Written by Emily Butler
Ile de France (2015) is a non-narrative film focusing on Mauritius’ landscape, architecture and the details of objects tracing its colonial history and multicultural social fabric. Using a painterly approach to the moving image, Shiraz Bayjoo (b. Mauritius 1980) invites us on a lyrical journey through the island, using tracking shots of details of the rugged coastal landscape and jungle encountered by seventeenth century Dutch colonisers, of the French graffiti on early settlements, of the objects of prayer in a traditional Muslim merchant timber house, of footage of independence celebrations from Britain in 1968 playing on a domestic TV set, and of the missing key of an ancient piano in a former sugar baron’s mansion. Whilst the film is absent of protagonists, Bayjoo skilfully conveys the island’s complex social history. The film catches a soft light outlining the place of structures and objects in contemporary Mauritian life. Alongside the film, a series of postcards Untitled (2014) and prints Ile Maurice (2009) and Extraordinary Quarantine (2014) captures everyday scenes, whose simple framing reveal new details and insights at each viewing.
Ile de France offers a tapestry of histories that unfold like the roots of the banyan tree that permeates the island. A polyphony of sounds, narratives, languages and songs weave through the visual footage.

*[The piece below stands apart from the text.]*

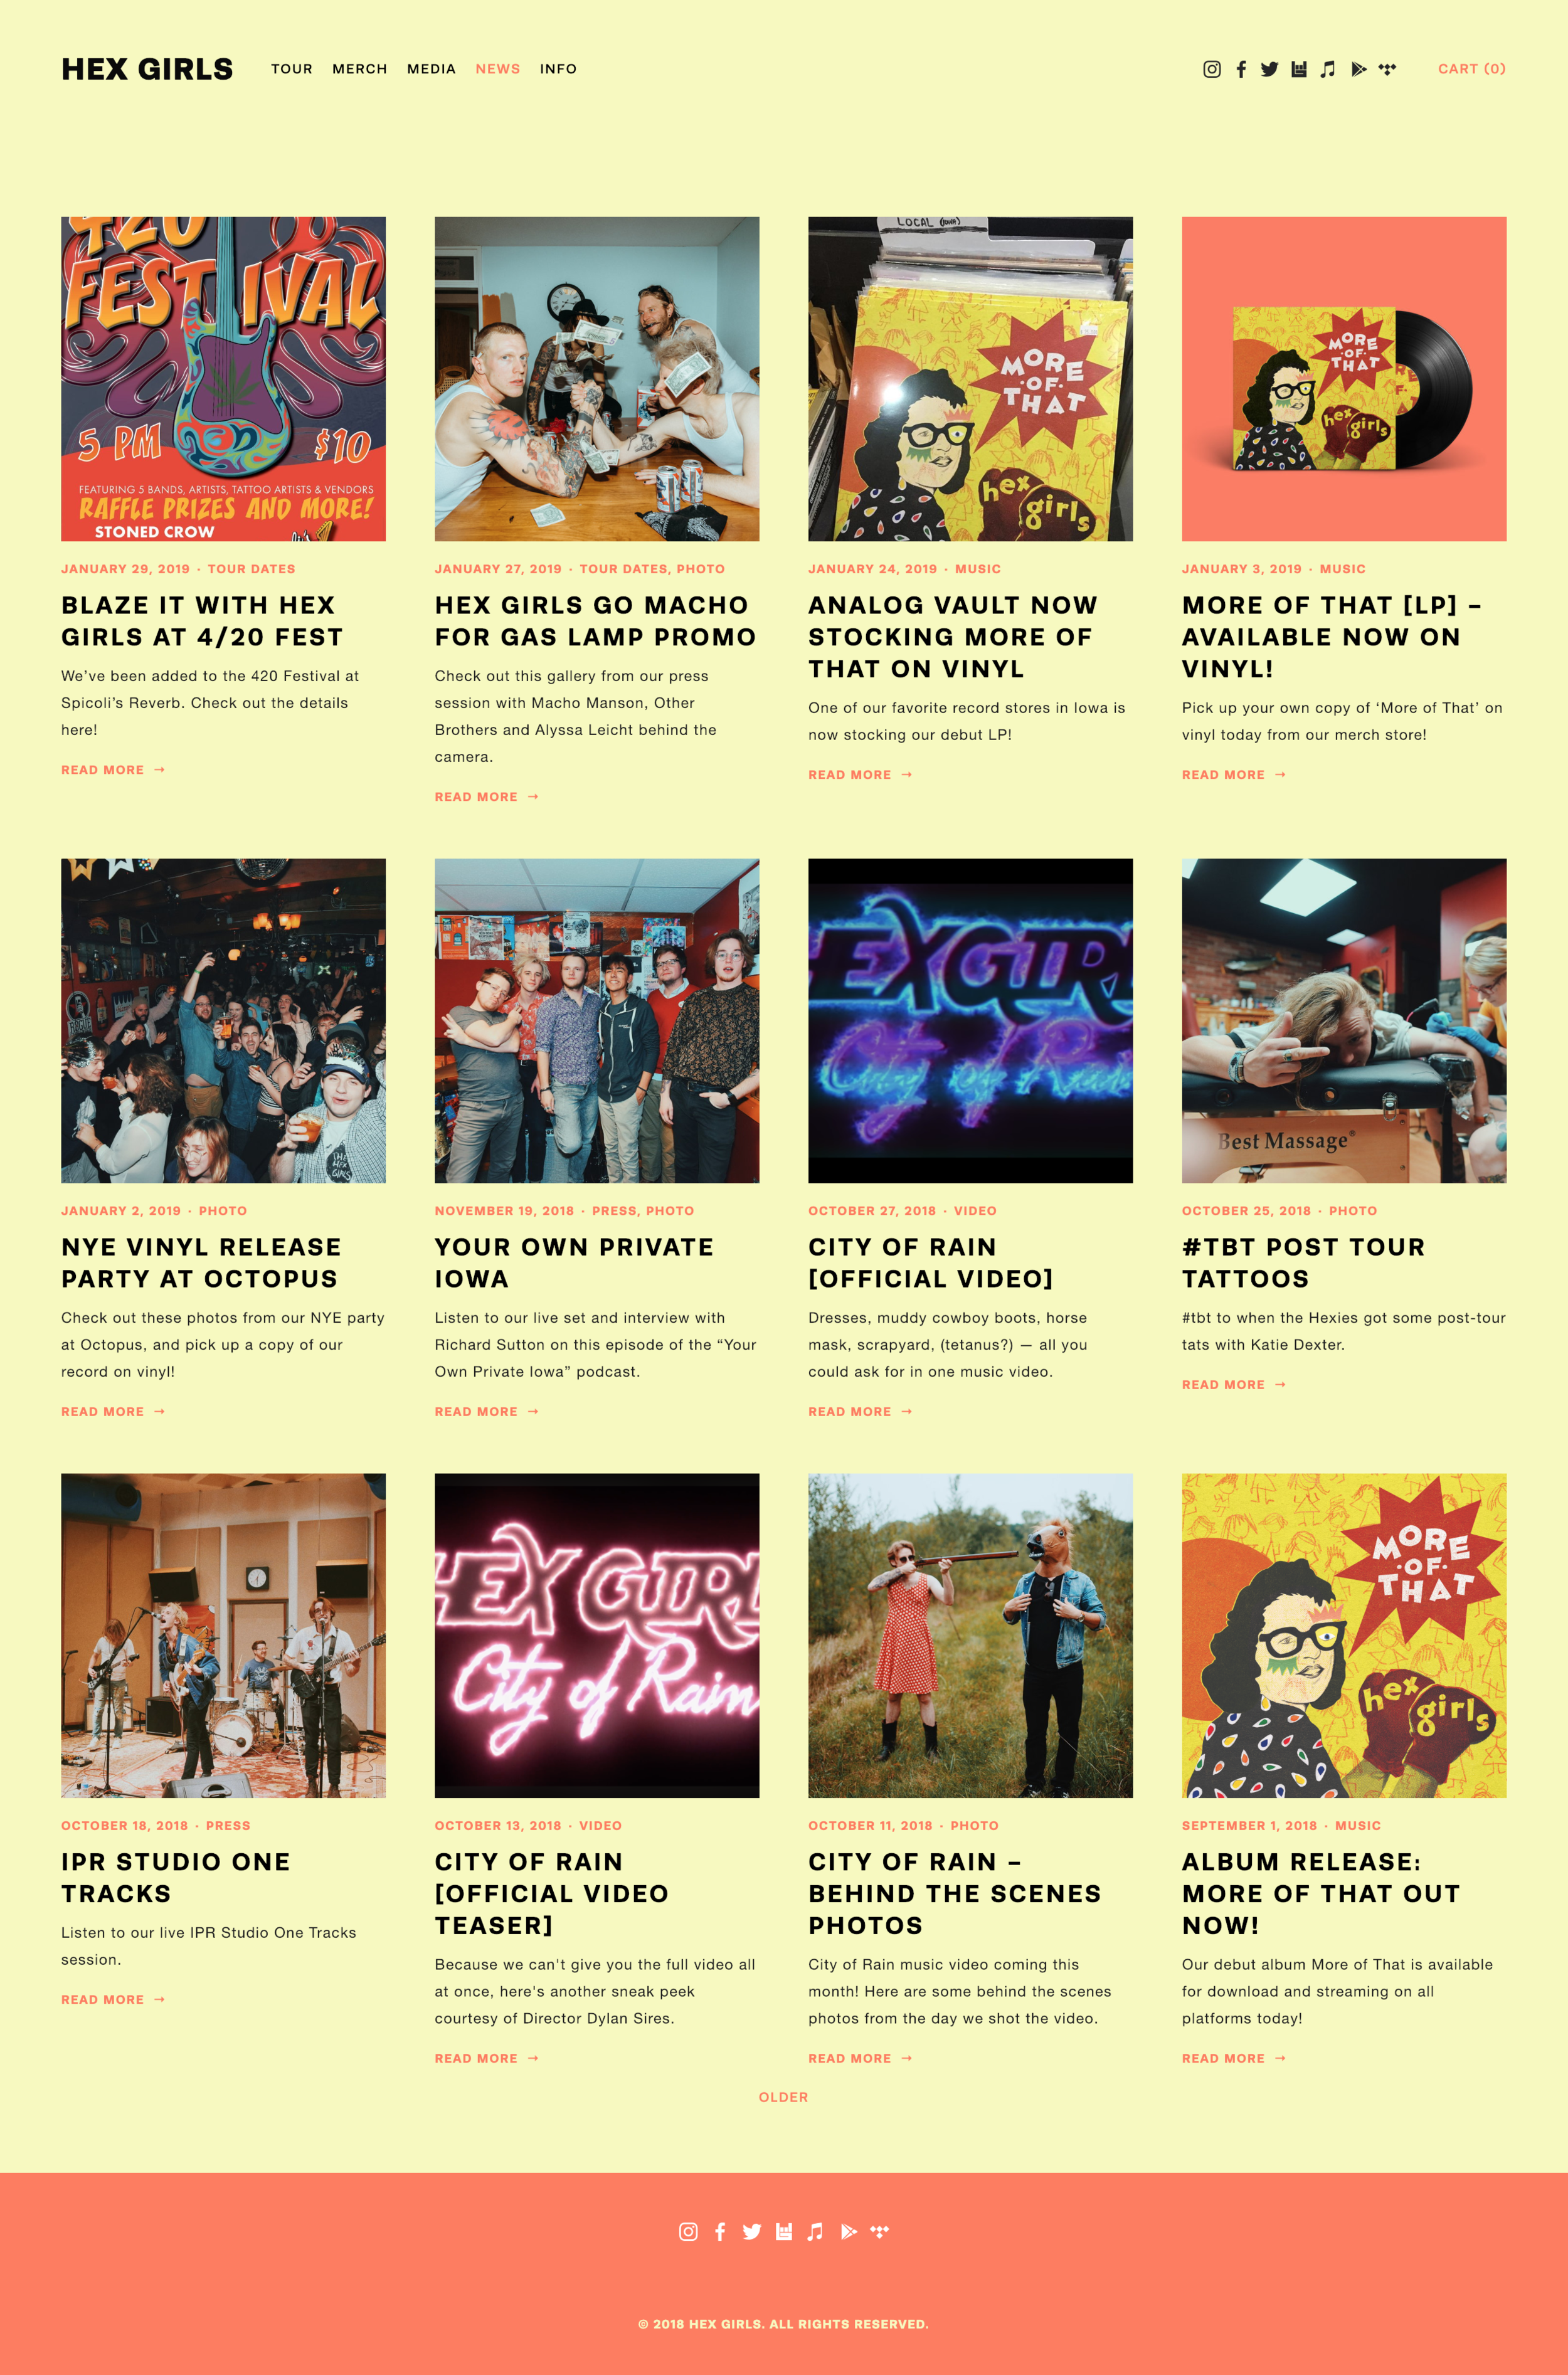 Hex Girls website blog page - Designed by Alyssa Leicht

The soundtrack also captures the roar of the ocean as a reminder of its indomitable presence throughout history. Bayjoo’s work often focuses on representation, on material objects as conveyors of personal stories to counter official histories. Working across different media, he brings moving image work together with objects and documents to offer a physical and intimate space of encounter. Ile de France (Isle of France) is titled after Mauritius’ name under French rule (1710-1810), a loaded term marking out its role as a microcosm of France to contribute to the trade and industry of its Empire. Islands are also the locations where utopian desires can be projected: the setting for the Enlightenment era novel Paul et Virginie (1788) by Jacques-Henri Bernardin de Saint-Pierre, or the location of anarchist societies of pirate or ‘maroon’ escaped slaves. Yet the film also
reminds us of the darker side of imperial rule including passages from Saint-Pierre’s diary outlining violence and slavery.
By looking at colonial histories and their legacies in the Indian Ocean, Bayjoo examines the deeper roots of globalisation. In a time when the adage ‘no man is an island, entire of itself ’ is as prescient as ever, Bayjoo’s work highlights the complexity of the creolisation of people, languages and environments.
Emily Butler is Mahera and Mohammad Abu Ghazaleh Curator at the Whitechapel Gallery.